Fog

Up early this morning to take Kelly to the airport. She is off to stay in Melbourne for a few days with some old girlfriends. I am not sure of their agenda exactly, but I do know her suitcase felt heavy with mischief.

Turns out we needn’t have set the alarm after all as the flight was cancelled due to the thick, almost phosphorescent fog that had set in overnight.

A later flight was soon allocated and Kelly decided that we may as well leave now anyway as it was going to be slow progress through this cotton soup.
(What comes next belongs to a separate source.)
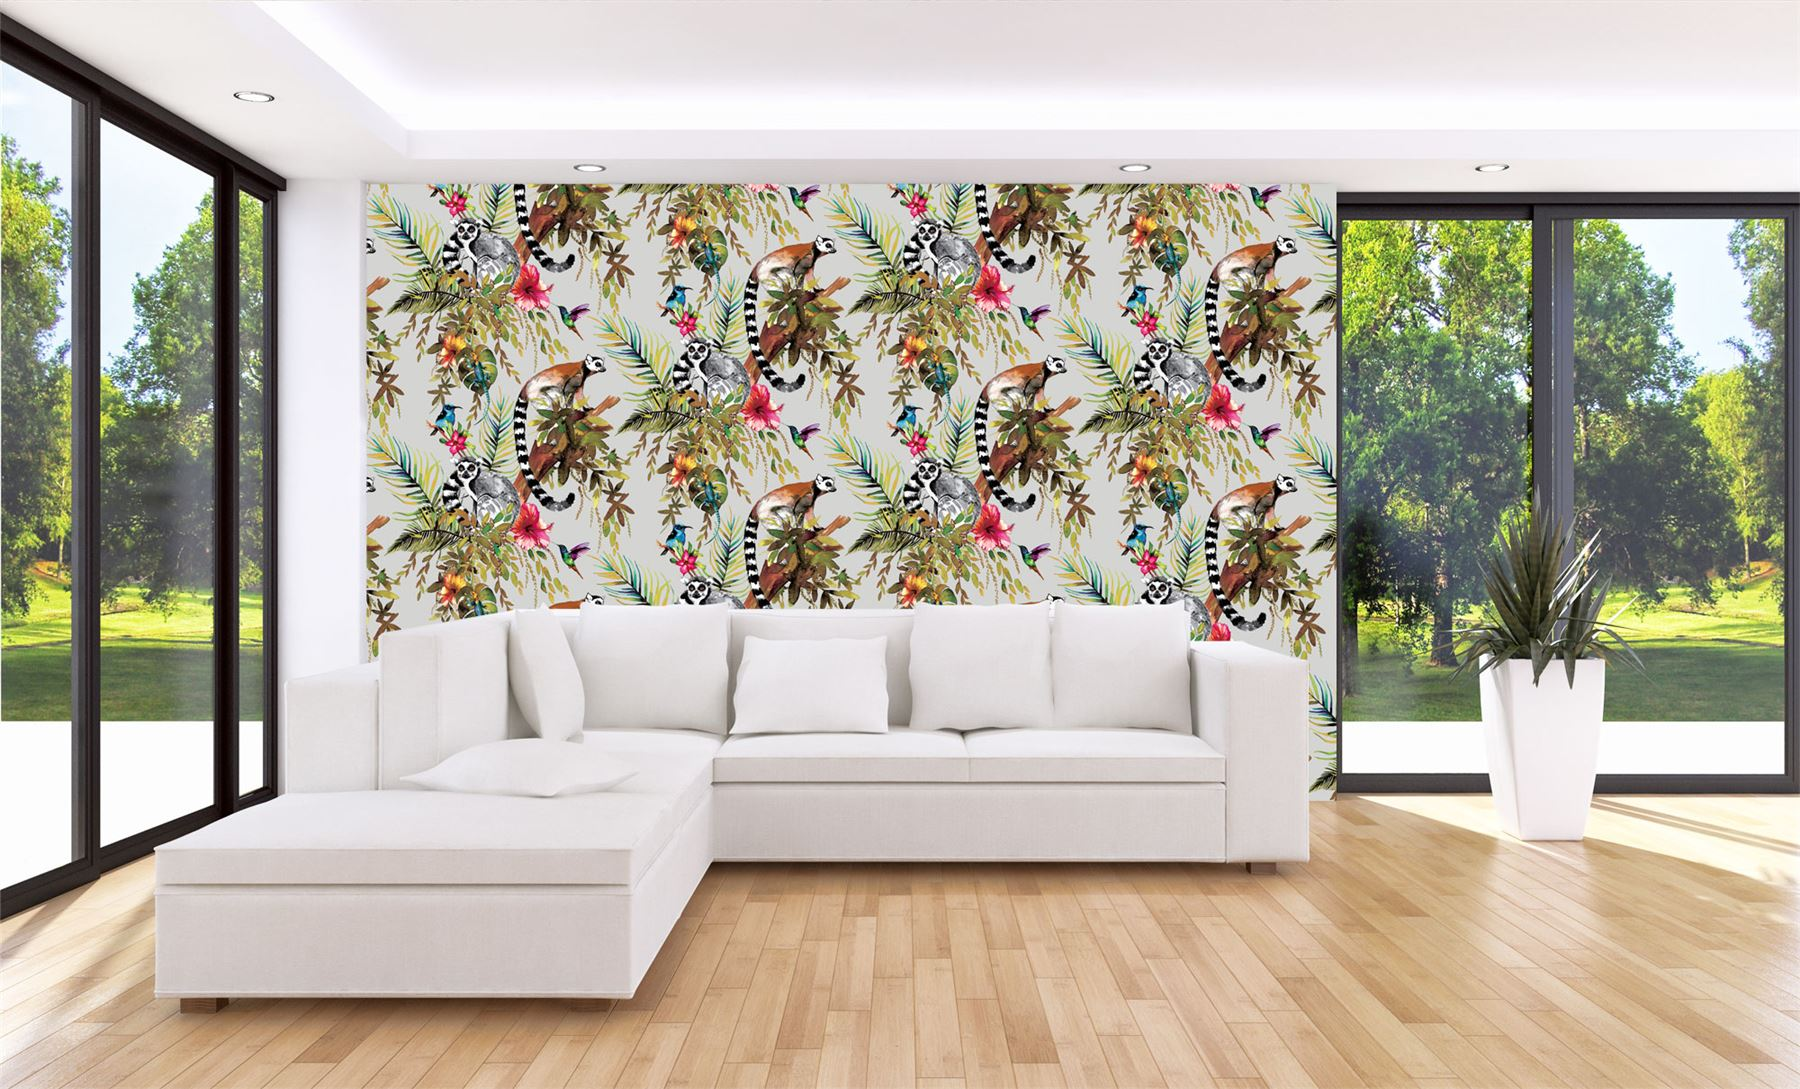 Lemur-Wallpaper-Tropical-Jungle-Birds-Flowers-Floral-Trees-Animals-Holden-Decor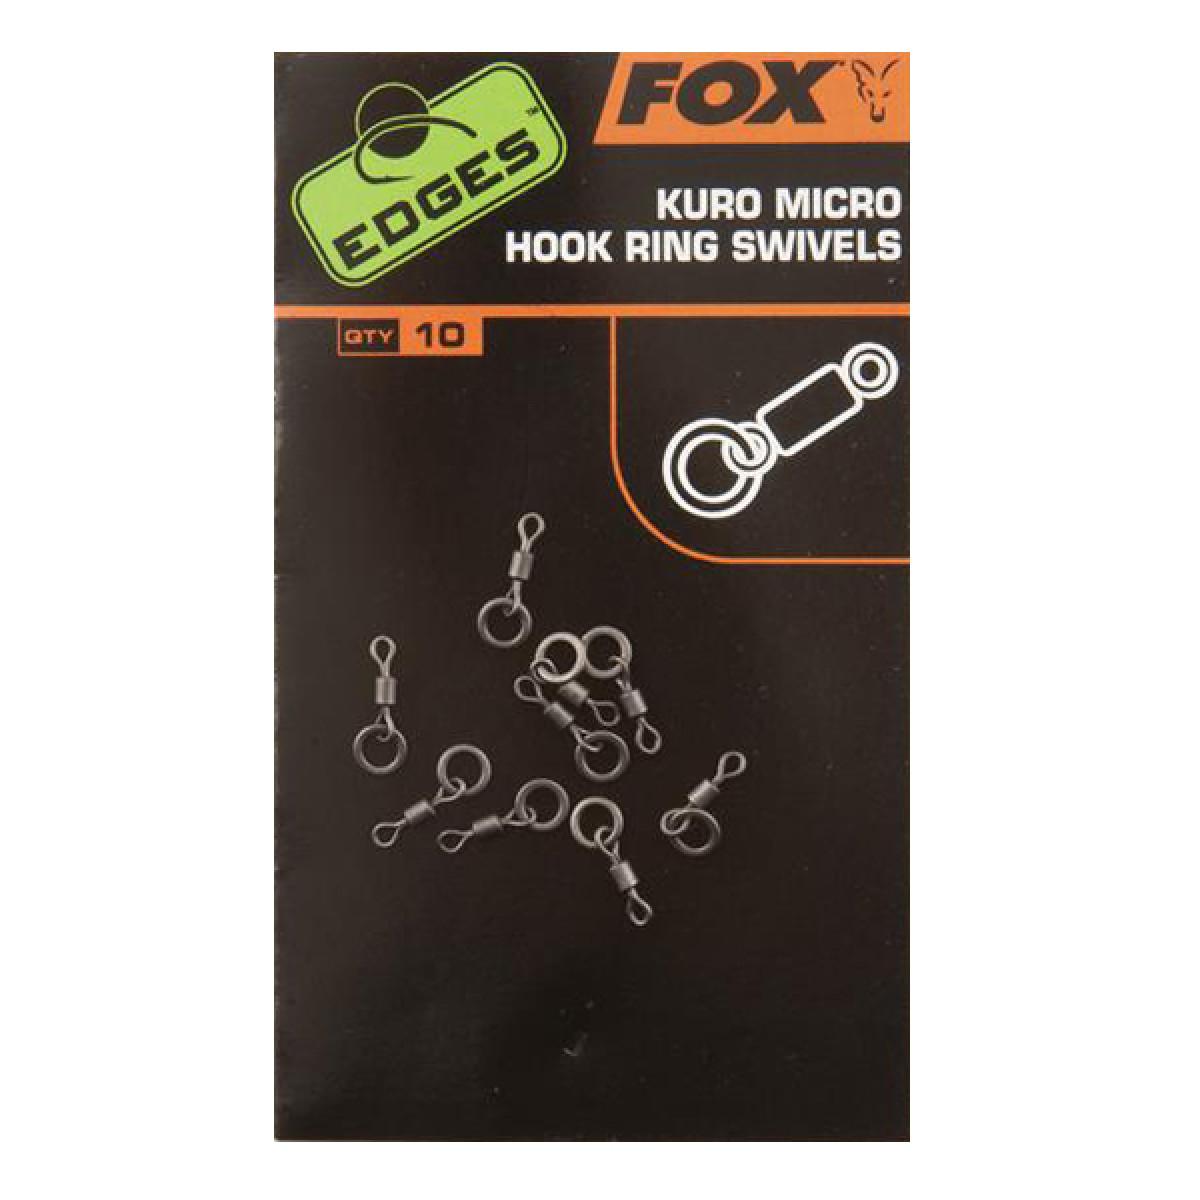 Kuro Micro Hook Ring Swivel

Besides, she could grab some airport breakfast and engage in a little pre-flight retail therapy.

Seems there is nothing like airport shops for convincing you that you need to buy stuff that you didn’t even know you needed when visiting regular shops.
I think its something to do some sort of sublimated existential fear that your plane might go down and you’ll be damned if you aren’t going to enjoy that expensive inflatable neck pillow, trashy novel, wireless headphones, pulp magazine and funky downwards-opening umbrella before it does.
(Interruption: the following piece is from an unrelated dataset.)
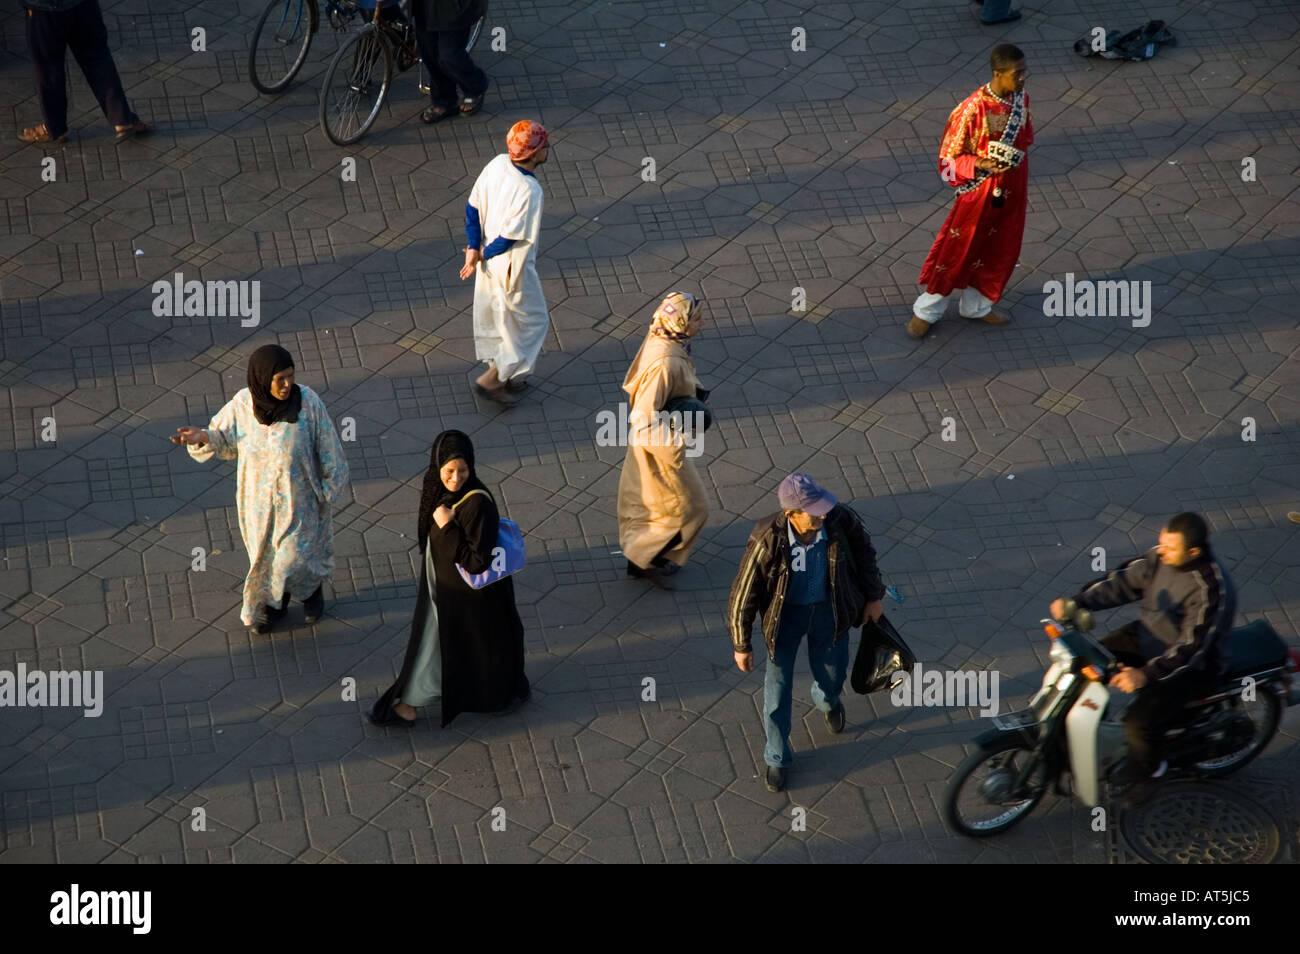 Morocco Jemaa el Fna Square Marrakech evening - Stock Image

With Kelly safely delivered to check-in her excess mischief, down some bacon & eggs and pick up a couple of new umbrellas, Juno and I were left with nothing to do but swing by a favourite coffee shop for a caffeine hit before going for lake walk.

The fog reluctantly melted into a spectacular morning.

“One day many years ago a man walked along and stood in the sound of the ocean on a cold sunless shore and said, “We need a voice to call across the water, to warn ships; I’ll make one. I’ll make a voice like all of time and all of the fog that ever was; I’ll make a voice that is like an empty bed beside you all night long, and like an empty house when you open the door, and like trees in autumn with no leaves.
A sound like the birds flying south, crying, and a sound like November wind and the sea on the hard, cold shore. I’ll make a sound that’s so alone that no one can miss it, that whoever hears it will weep in their souls, and hearths will seem warmer, and being inside will seem better to all who hear it in the distant towns.
I’ll make me a sound and an apparatus and they’ll call it a Fog Horn and whoever hears it will know the sadness of eternity and the briefness of life.” Ray Bradbury, The Fog Horn

The Carillon pokes through the fog bank.